• Problem: Every line below is to be copied exactly, with the pictures left out.

• Information shown:
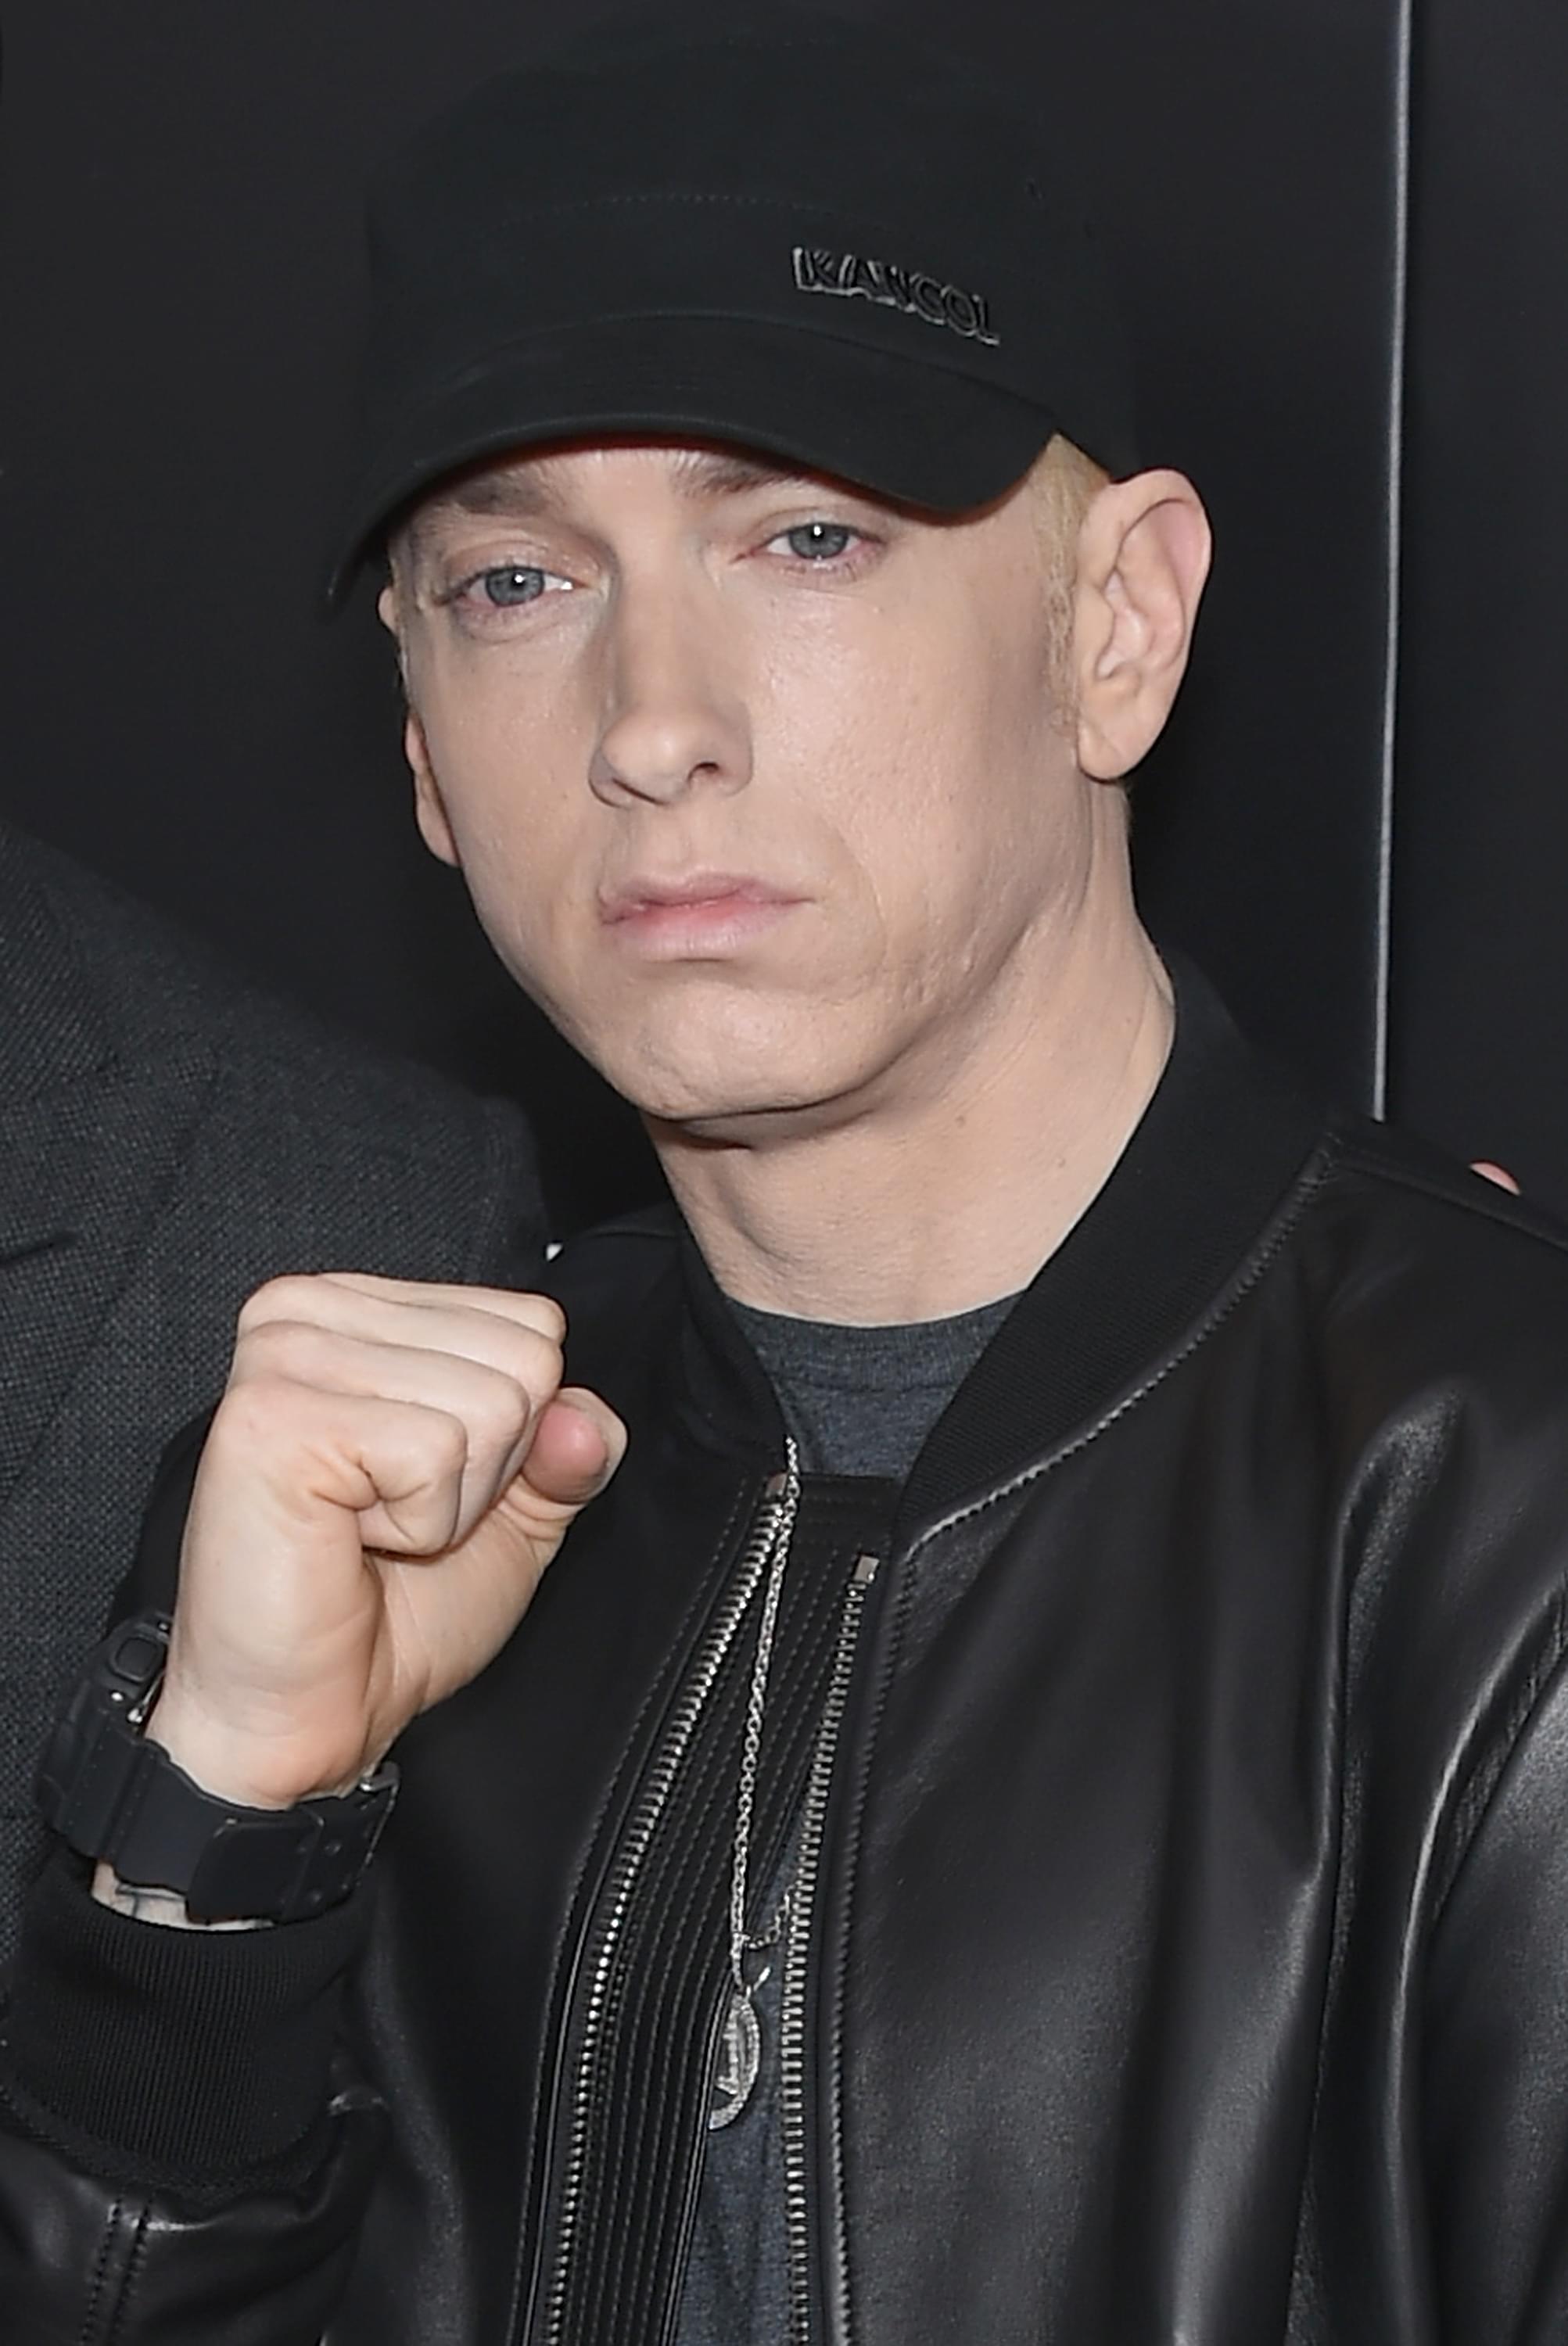 Eminem Calls Out Donald Trump On Big Sean’s “No Favors” [LISTEN]
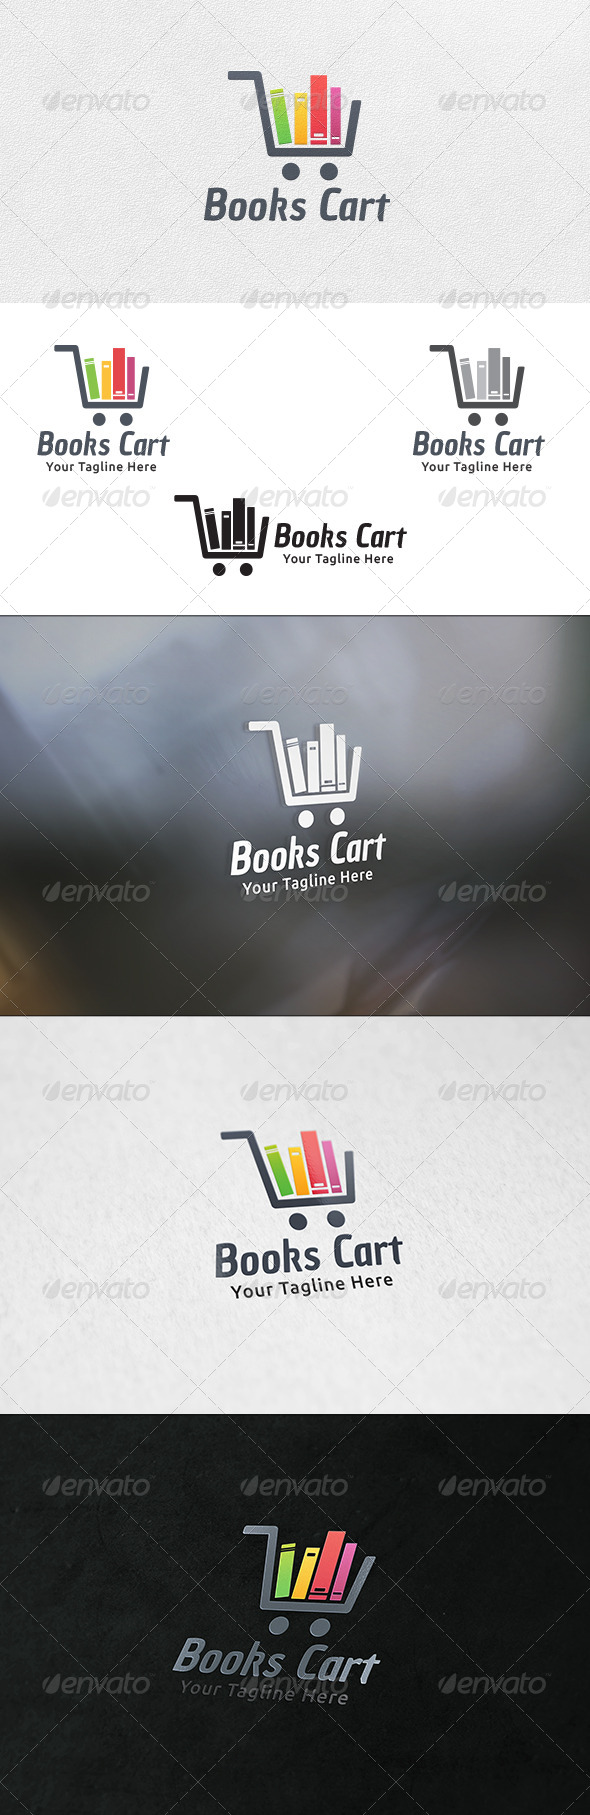 Books Cart - Logo Template
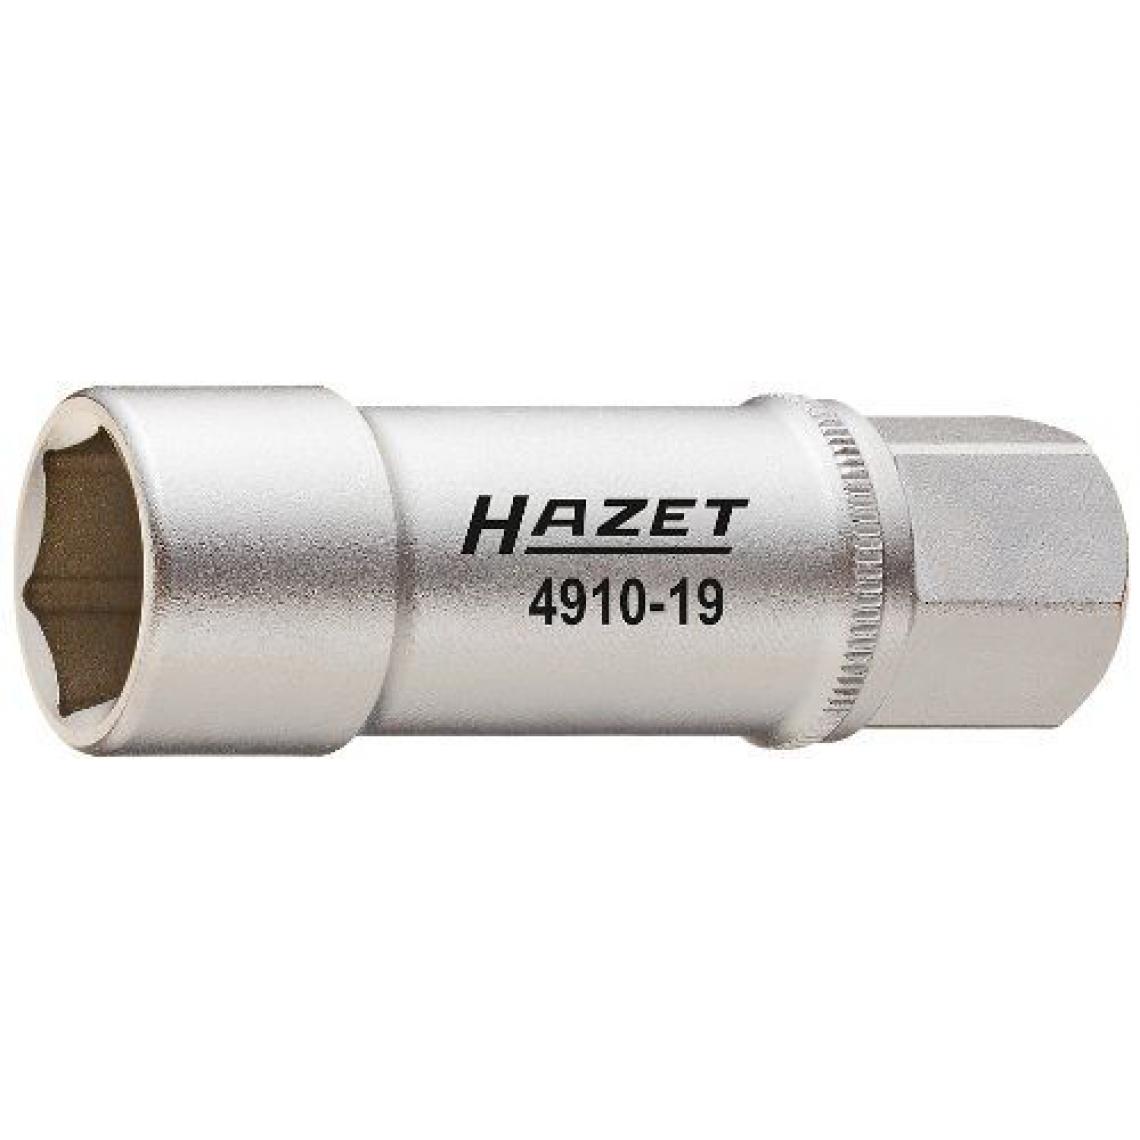 Hazet - Hazet 880VDE-9Clé à douille à tête hexagonale Fixation 491017 - Douilles électriques
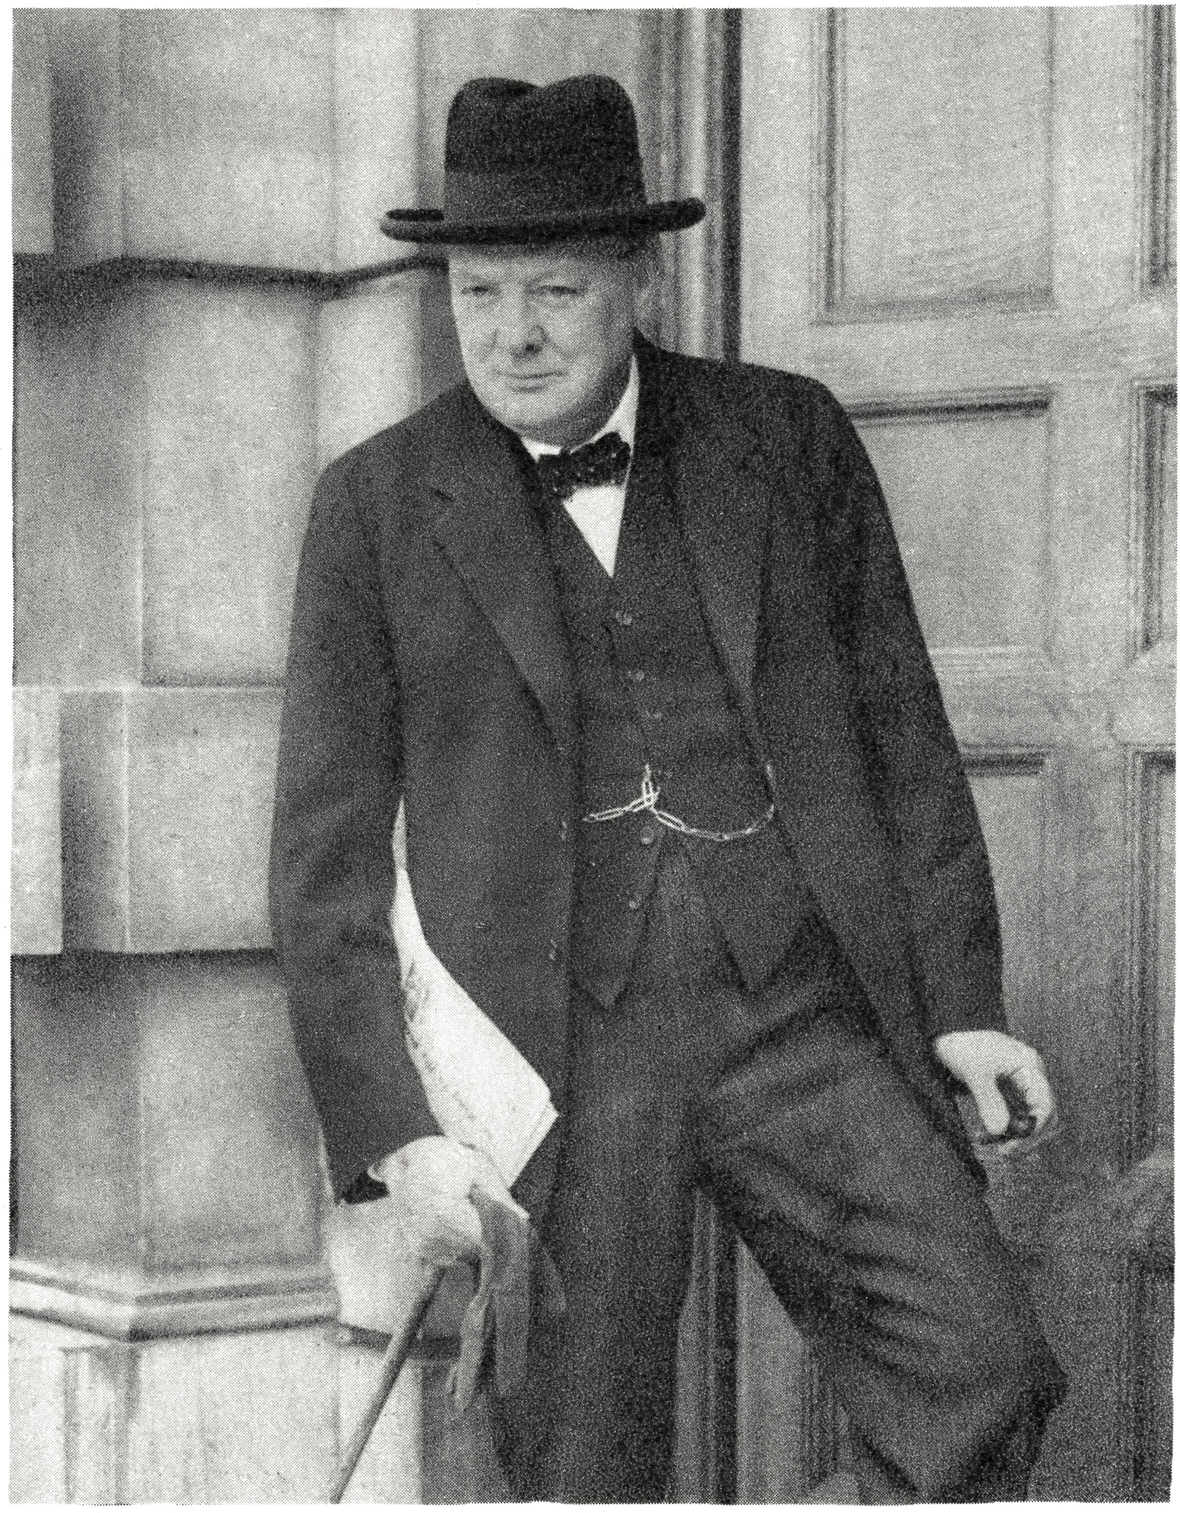 Winston Churchill, britischer Politiker, lebte von 1874 bis 1965. Er war zweimal Regierungschef des Vereinigten Königreichs Großbritannien und Nordirland. Er führte Großbritannien als Premierminister durch den Zweiten Weltkrieg. Zudem hat er historische und politische Bücher geschrieben. 1953 erhielt er den Nobelpreis für Literatur.

• Result for this task:
 Eminem Calls Out Donald Trump On Big Sean’s “No Favors” [LISTEN]
 Books Cart - Logo Template
 Hazet - Hazet 880VDE-9Clé à douille à tête hexagonale Fixation 491017 - Douilles électriques
 Winston Churchill, britischer Politiker, lebte von 1874 bis 1965. Er war zweimal Regierungschef des Vereinigten Königreichs Großbritannien und Nordirland. Er führte Großbritannien als Premierminister durch den Zweiten Weltkrieg. Zudem hat er historische und politische Bücher geschrieben. 1953 erhielt er den Nobelpreis für Literatur.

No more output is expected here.